Every home I have ever been in – and I am using the term home rather than house, as there are lots of homes in flats and units and even a few in tents and caravans – has had a china cabinet of some sort. It seems to be a sign equally of domesticity and of civilisation.
Some of the homes I know have china cabinets that have expanded and taken on a life of their own – the people who share the space with them slowly being pushed out as the collection of plates, bowl, tureens, pots, glasses, mugs and vases grows. If art is added to utility, the members of the household who are not under the spell of the collection might as well pack up and move into the garage now – they’ll be there eventually. That, or get a length of 2 x 4 and start in on the Wedgewood with a hefty swing.
As I type this in the cool of the dining room I can see our Chinese kit china cabinet over in the corner of the room. It has not expanded sideways yet but I note that what were bare shelves a few years ago are now full. And like most china cabinets they are a roadmap of their owner’s minds.
If we imagined that our china cabinet would be filled with cut-glass carafes and elegant wine sets or objects of art, we did so without looking at ourselves in the mirror. I can see a couple of cocktail glasses alright, but one of them is made of plastic. There are two sets of stemmed glasses that are hauled out for red or white but they hardly count because none of them have broken yet. Perhaps it is too early – they might still be in stock at the homewares shop and you might be able to serve six people around an elegant dinner table without one person drinking Chardonnay out of a Vegemite jar.
Then it becomes more probelematical. The Sodastream plastic bottles have to live somewhere but I can’t think why it is in the china cabinet. Nor does it seem sensible to put the rubber stubby holders from the Victorian Hot Rod Show in there. I admire the 6 oz glass measuring beaker from the old Kodak processing lab, though, and at least it lets me regulate the thiosulphate in my cocktails.

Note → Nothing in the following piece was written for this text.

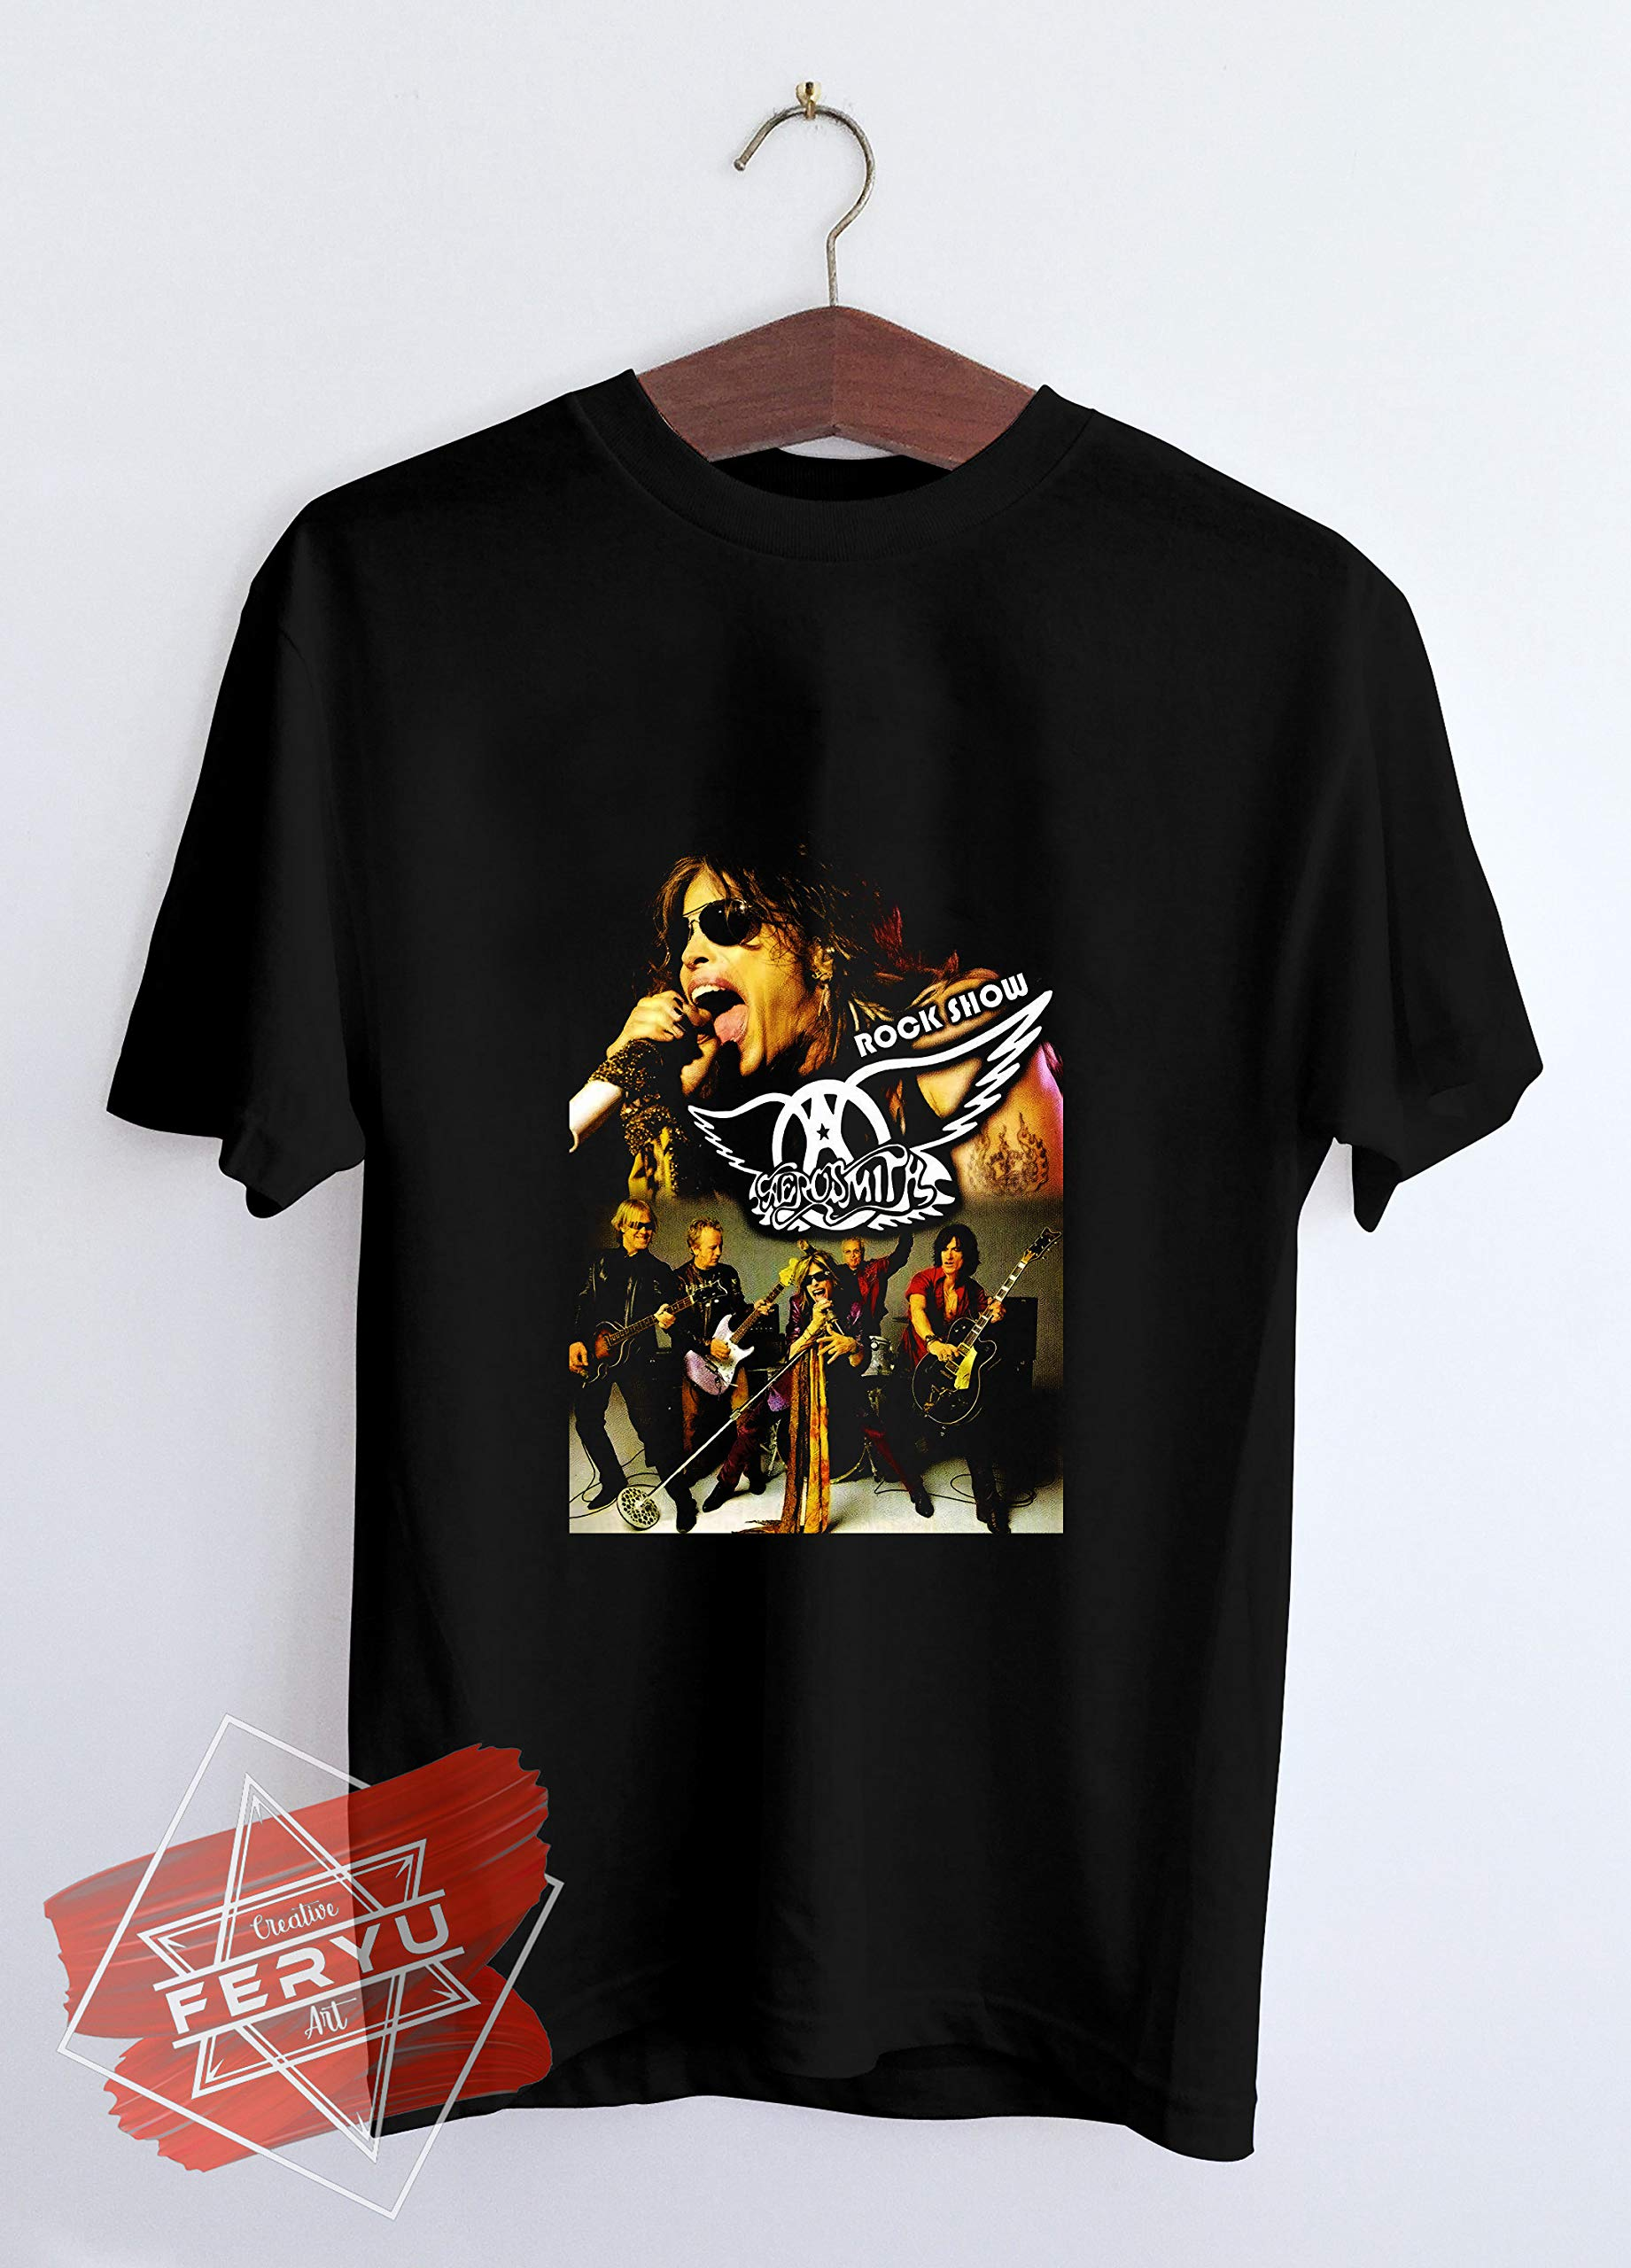 Aerosmith Concert, Aerosmith Band Hypebeast Sreet Wear For Adult Unisex Shirts

Where did we get 4 mismatched beer mugs? They are German, commercial, and garish. I never go to Oktoberfest.
I will say that the set of 4 blown glass things in different colours are probably arty, or at least artful. I do not think they are art. No idea what beverage they are meant to contain but I’ll bet the occasion when it is served is an awkward one. No-one would be comfortable drinking from what may be decorations from a funeral home.
Ah, but there is a saving grace to this cabinet – it is glass on the top and closed doors on the bottom. That is where the booze is kept. I am sorry to say only four of the couple of dozen bottles contain anything that a sane man would drink – the other ones being given over to women’s alcohol and syrups – but at least there is enough there to work with. I might have to drink it out of a glass that once held processed cheese or yeast extract, but there are times in your life when elegance gives way to ethanol. As long as it does not have a Disney character printed on the side I can retain some dignity.